A Practical Guide to SLURM on HPC Clusters

A lot of people have asked me how I use compute clusters for research. It's one of those things that looks intimidating at first, but once you understand the basic idea, it clicks pretty fast. This post walks through SLURM — the scheduler used on most HPC systems — from scratch, with real examples you can actually run.

1. What Is SLURM, and Why Does It Exist?

Imagine a shared supercomputer with hundreds of CPU and GPU nodes. Dozens of researchers all want to run jobs at the same time. Without some kind of traffic controller, it would be chaos — people stepping on each other's resources, no fairness, no accounting.

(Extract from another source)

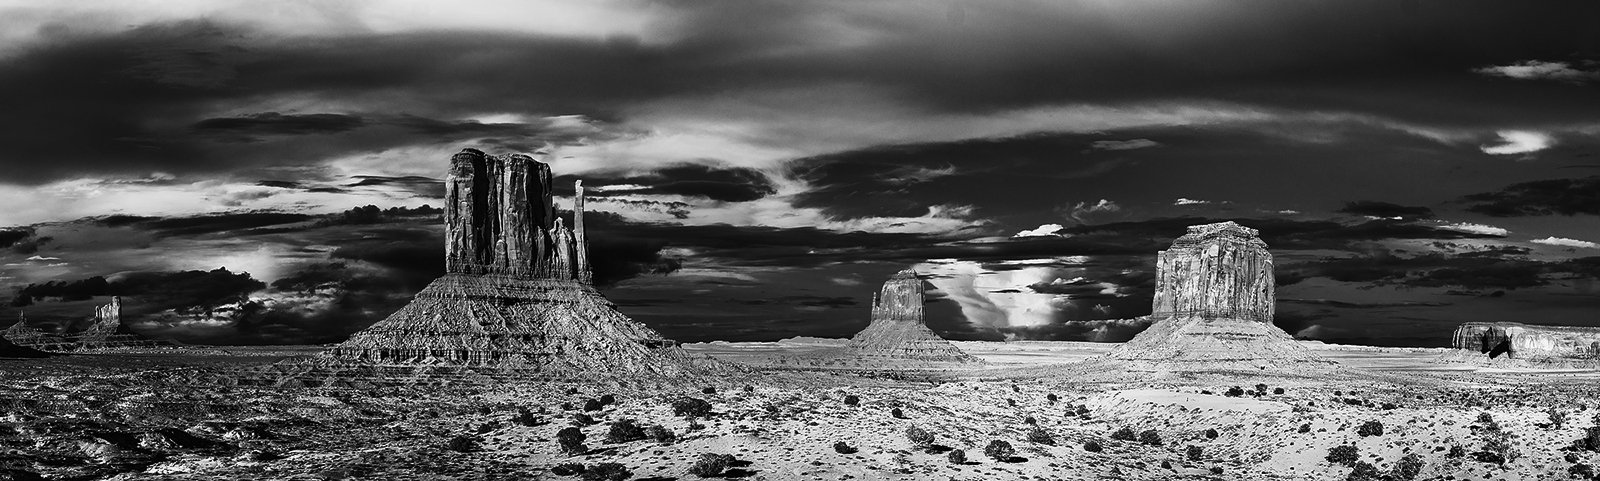 monument, valley, classic, view, Сергей Кузнецов

SLURM (Simple Linux Utility for Resource Management) is that traffic controller. You describe what resources you need and what you want to run, and SLURM figures out when and where to actually execute it. You don't log into a compute node directly — you hand your job to SLURM and it handles the rest.

The mental model is simple: SLURM is a queue manager. You submit jobs, they wait in line, and when resources free up, your job runs. The scheduler tries to be fair and efficient across all users on the system.

2. Core Concepts Worth Knowing

Nodes

Each physical machine in the cluster is a node. Some nodes have only CPUs, others have GPUs attached. You generally never interact with them directly — SLURM abstracts them away and decides where your job lands.

Partitions

A partition is a named group of nodes with its own rules: maximum job duration, allowed users, resource limits, and so on. Think of it like different lanes on a highway. You pick a partition based on what kind of job you're running — a quick test, a multi-day training run, or something that needs a GPU.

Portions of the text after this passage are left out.